UNTIL RECENTLY, the name Sibir Energy may not have meant anything to the chief executive of BP, Lord Browne of Madingley. Indeed, why should it? Sibir is a tiny, Aim-listed stock, not so much an oil minnow, more of a flea compared to the elephant that is BP, Britain's most valuable company and the second biggest oil major in the world.
Nevertheless, the extraordinary story of Sibir cannot have escaped Lord Browne's notice. A year ago, it agreed a joint venture with Sibneft, the Russian oil company controlled by the owner of Chelsea football club, Roman Abramovich. Sibir's 45 per cent share of the joint venture was conservatively estimated at $75m. In April, it was notified by its Russian partner that its stake had mysteriously been diluted to 1 per cent. Why and by whom, no one quite seems to know. Sibir is clear about one thing, however, and that is that the dilution was illegal. It is now seeking restoration of its interest in the joint venture. Meanwhile, Sibir shares remain suspended.
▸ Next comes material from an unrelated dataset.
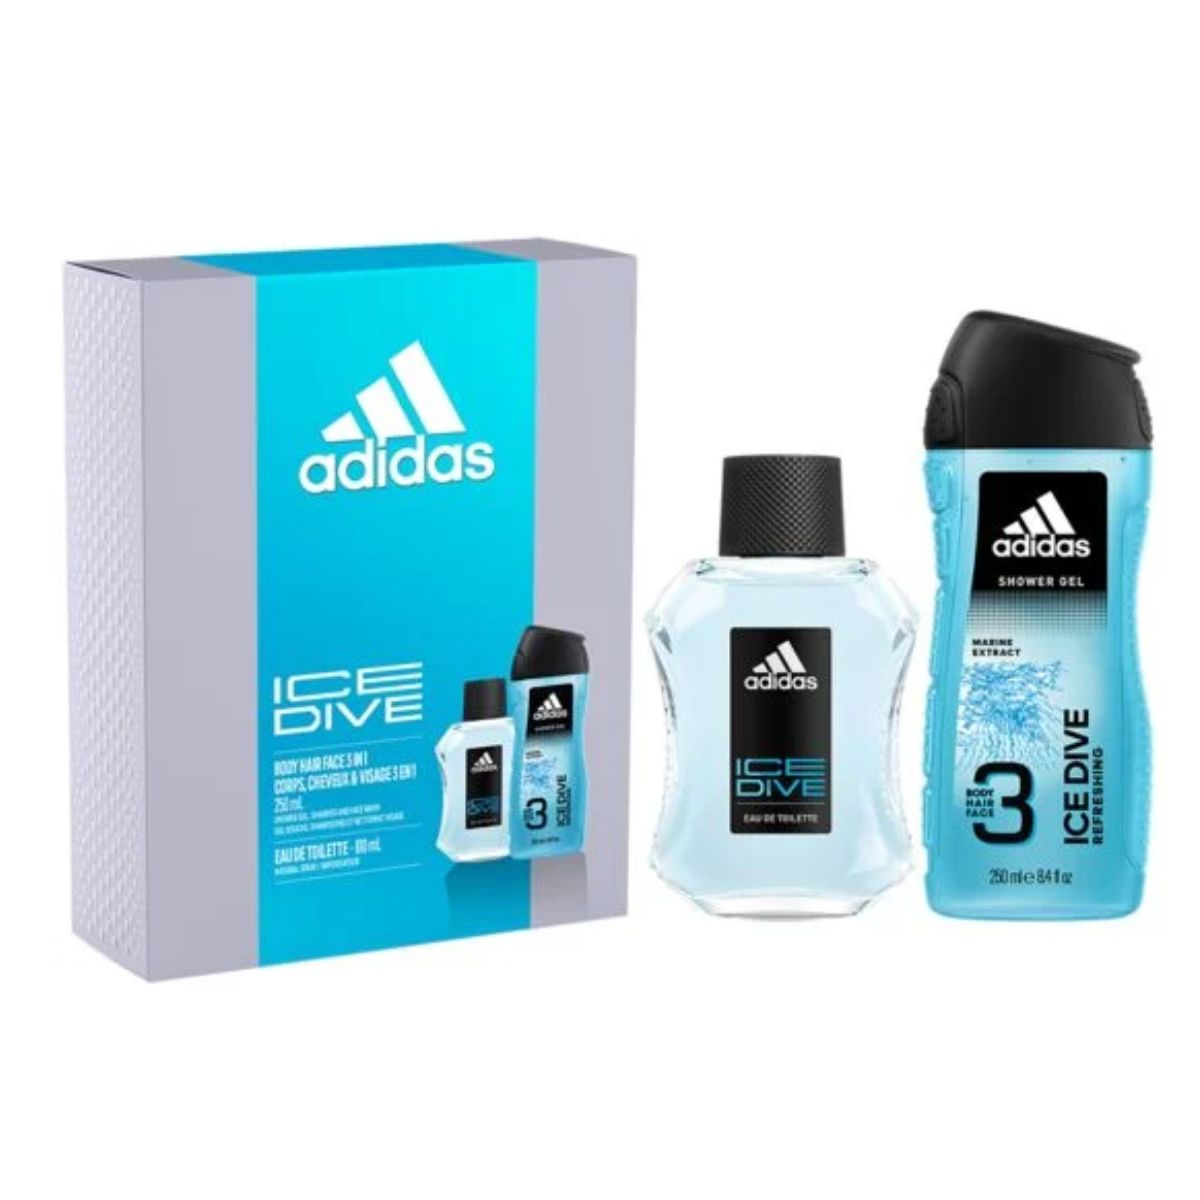 Adidas Ice Dive Edition Set.

No one is remotely suggesting that the same thing is about to happen to BP's rather bigger Russian joint venture TNK-BP, which is valued at some $14bn. Nevertheless, the first rumblings of discontent have begun to be heard from the three Russian oligarchs with whom BP struck the deal. They have made it plain they want the money which BP still owes them upfront and in cash, rather than in BP shares over the next three years.
Now it is reported that Russia's secret service is investigating TNK- BP on the grounds that its British chief executive has got his hands on state secrets in the shape of the joint venture's oil reserves.
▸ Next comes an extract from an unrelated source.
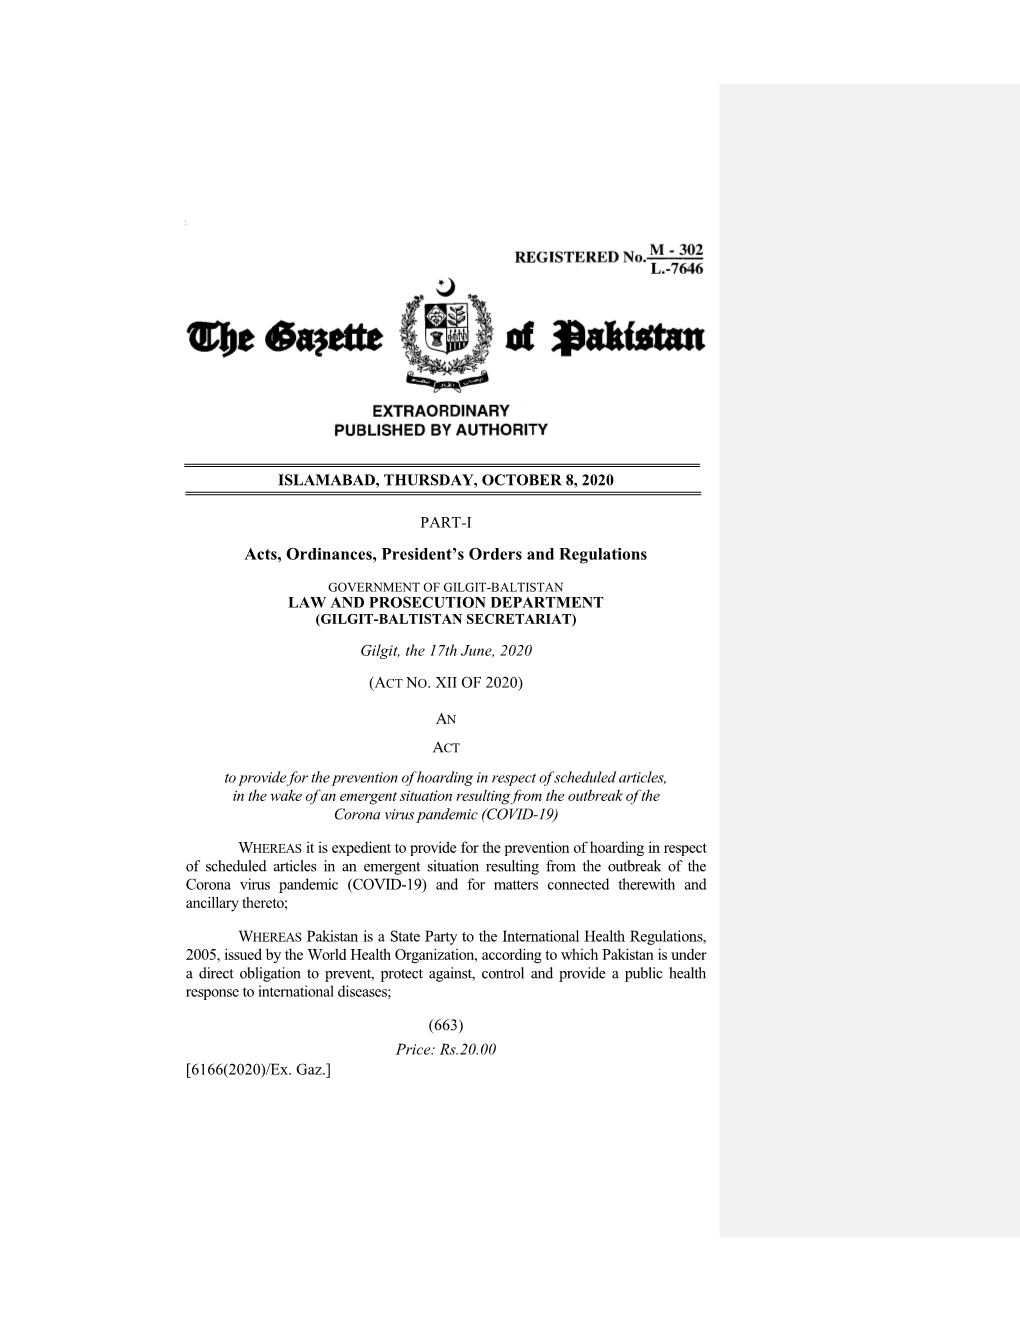 Part I] the Gazette of Pakistan, Extra., October 8, 2020 663

It is an increasingly uncertain time to be an oligarch in Putin's Russia. The former chairman of the country's biggest oil company and once its richest man, Mikhail Khodorkovsky, languishes in jail while his company Yukos falls apart.
According to some analyses, Mikhail Fridman, one of the oligarchs with whom BP is in bed, may be next to fall foul of the Kremlin. If so, that would leave the future of TNK-BP in the air. As Lord Browne observed when the deal was signed last summer: "In business, trust is never 100 per cent." Let's hope those words do not come back to haunt him.